摘要： 多源在线迁移学习利用多个源域的标记数据来增强目标域的分类性能，针对不平衡的数据集，提出一种可以在源域和目标域的特征空间中过采样的多源在线迁移学习算法。该算法包含两部分：对多个源域过采样和对在线的目标域过采样。对源域过采样阶段，在支持向量机（SVM）的特征空间中过采样来生成少数类样本，新的样本是通过在源域特征空间中的邻域信息来扩增原始的Gram矩阵得到的。对在线的目标域过采样阶段，目标域的样本分批次到达，当前批次的少数类样本从前面已经到达的多个批次中寻找特征空间中的[k]近邻，利用生成的新样本和当前批次中的原始样本一同训练目标域函数。通过核函数将源域和目标域的样本映射到同一特征空间中进行过采样，使用类别分布相对平衡的源域和目标域数据训练相应的决策函数，从而提升算法的整体性能。在四个真实数据集上进行了全面的实验，在Office-Home数据集的任务上相较其他基线算法，准确率提升了0.031 1，G-mean值提升了0.070 2。

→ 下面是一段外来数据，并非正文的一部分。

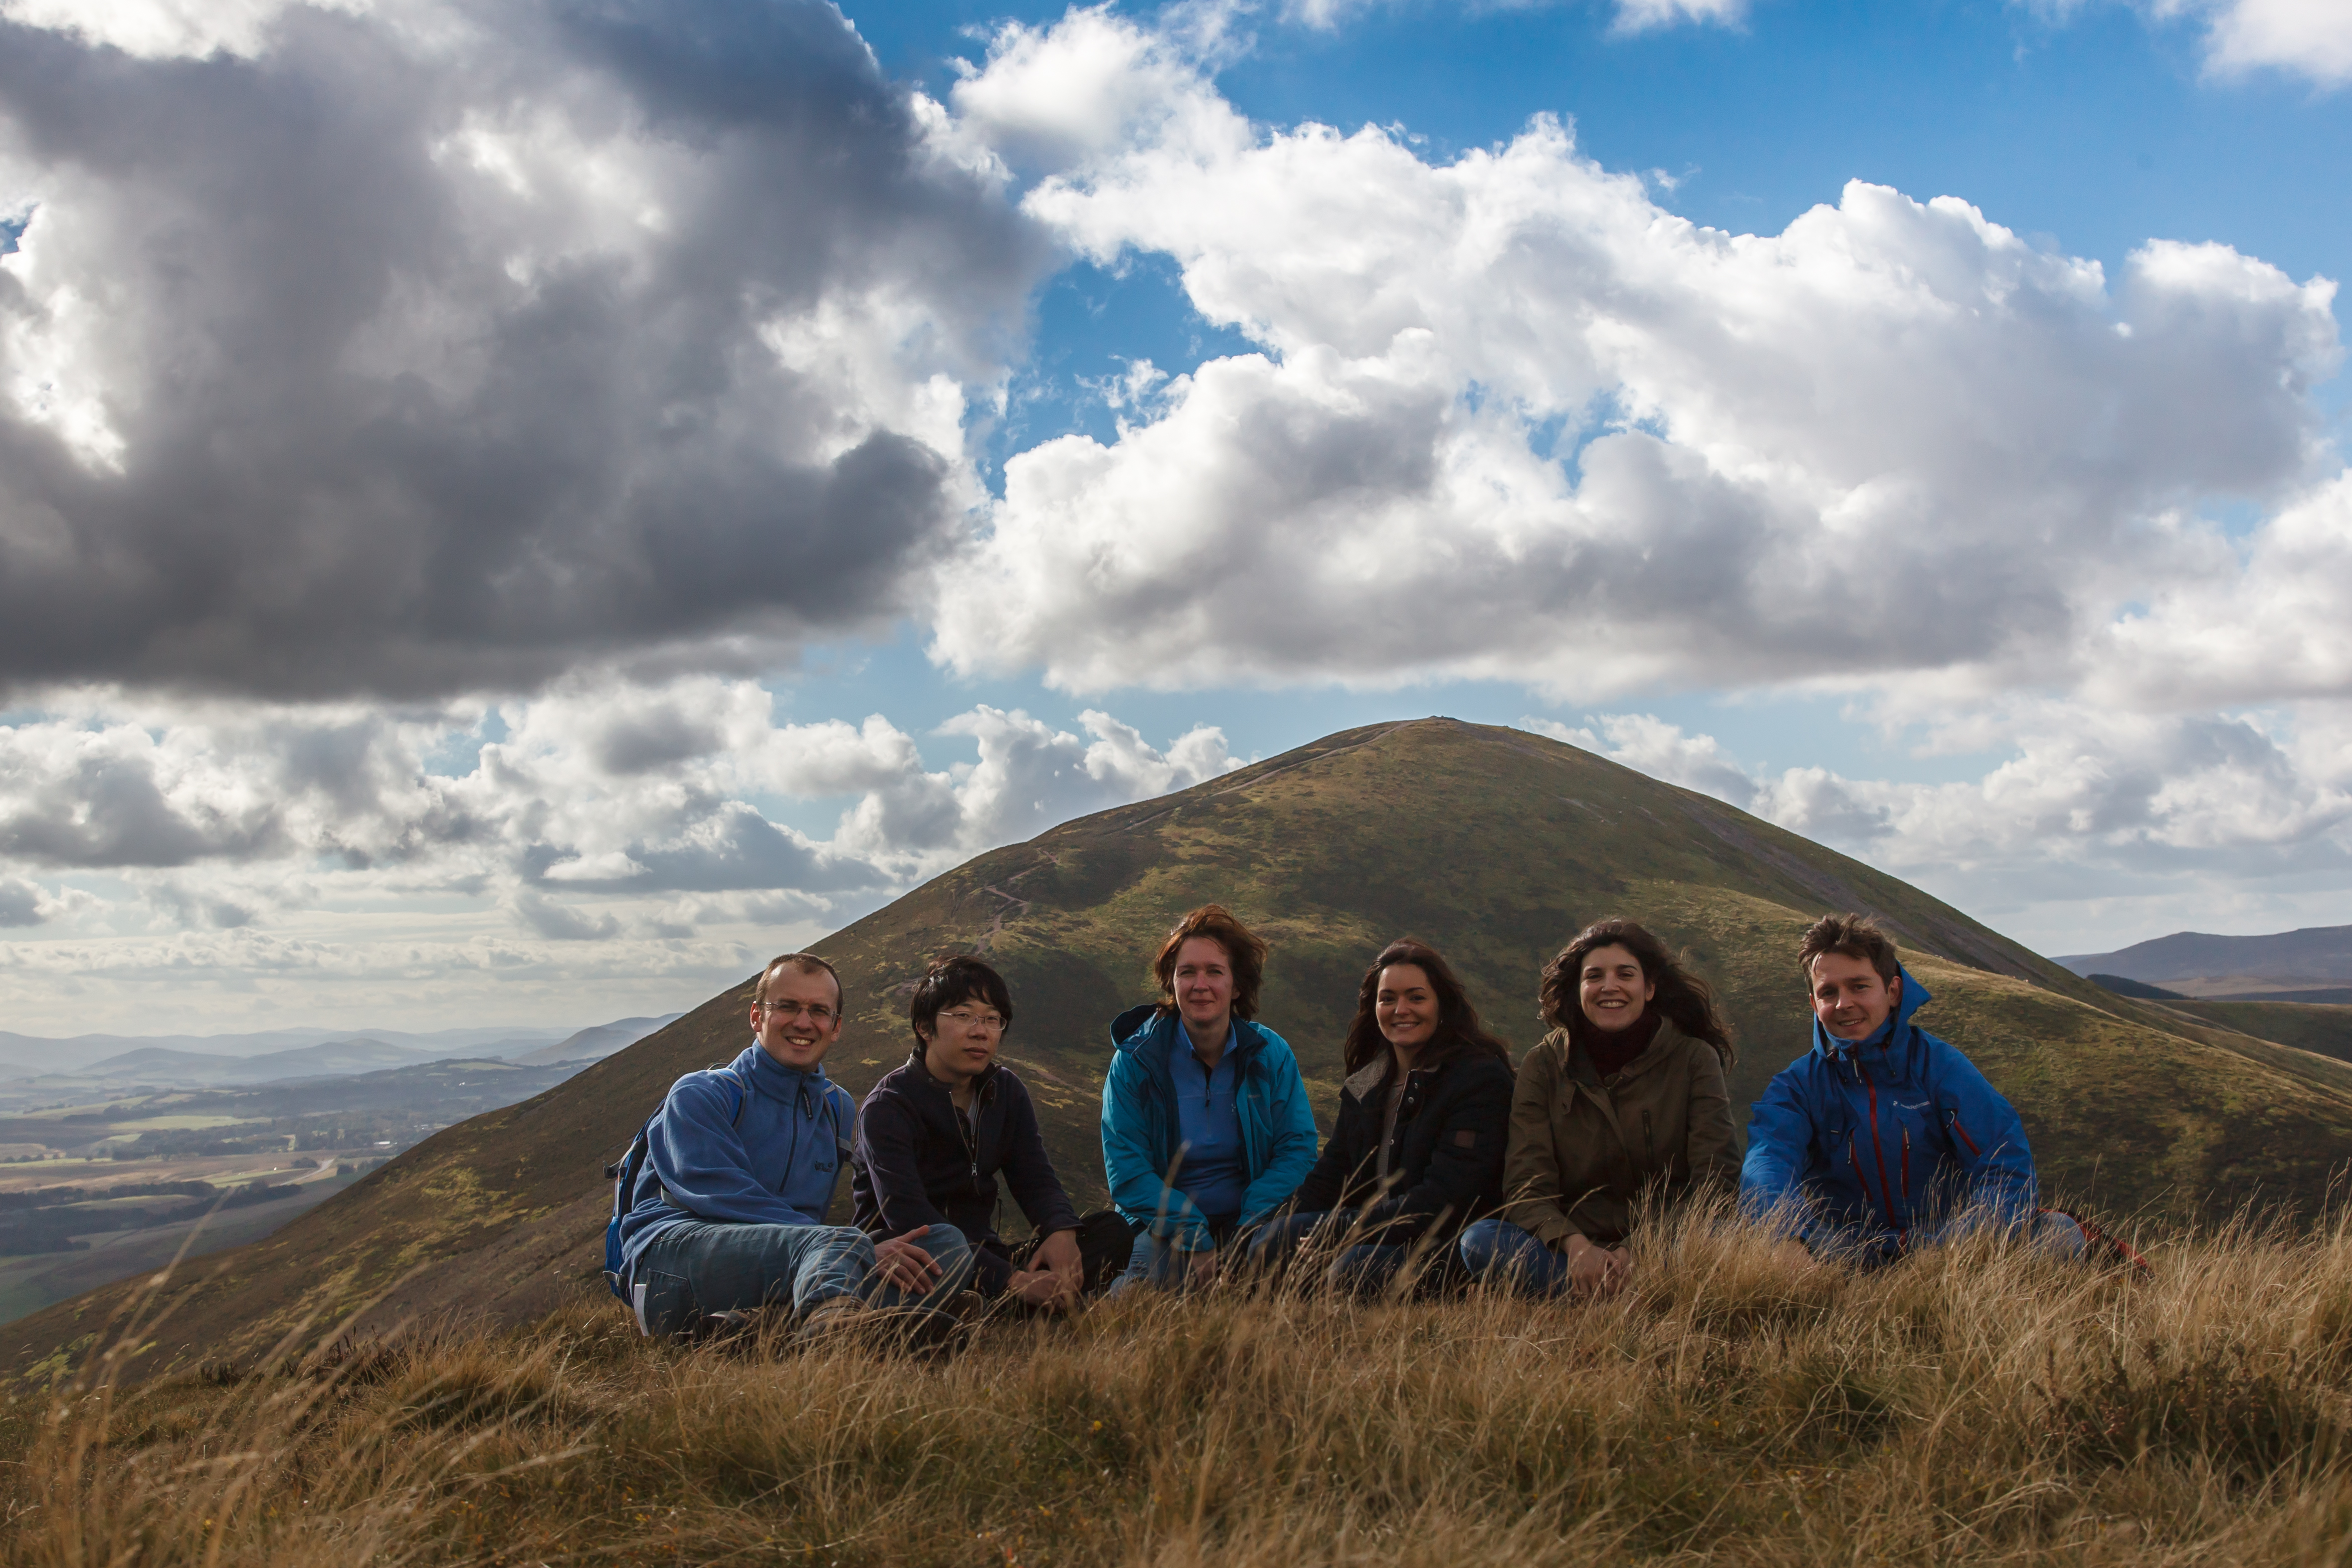 Image 25 Group photo on top of a hill near Edinburgh. From left to right: Konstantin, Tatsuro, Irina, Maria, Berta, Ulrich.

关键词: 多源迁移学习, 在线学习, 不平衡数据, 特征空间, 支持向量机（SVM）, k近邻, 核函数

Abstract: Multi-source online transfer learning uses the labeled data of multiple source domains to enhance the classification performance of the target domain. Aiming at the imbalanced datasets, this paper proposes a multi-source online transfer learning algorithm which can oversample in the feature space of the source domain and the target domain. The algorithm consists of two parts: oversampling multiple source domains and oversampling online target domains. In the oversampling stage of source domain, the feature space of the support vector machine (SVM) classifier is oversampled to generate a few class samples. The new samples are obtained by amplifying the original Gram matrix from the neighborhood information in the feature space of the source domain. In the oversampling phase of target domain, the samples of target domain arrive in batches, and a few samples of current batch look for the k-nearest neighbor in the feature space from the previous batches, and the target domain function is trained with the generated new samples and the original samples of current batch. Through the kernel function, the samples of the source domain and the target domain are mapped into the same feature space for oversampling, and the corres-ponding decision functions are trained by using the data of source domain and target domain with relatively balan-ced class distribution, so as to improve the overall performance of the algorithm. Experiments are carried out on four real datasets. On the widely used Office-Home dataset, the accuracy is improved by 0.0311 and the G-mean value is improved by 0.0702 compared with other baseline algorithms.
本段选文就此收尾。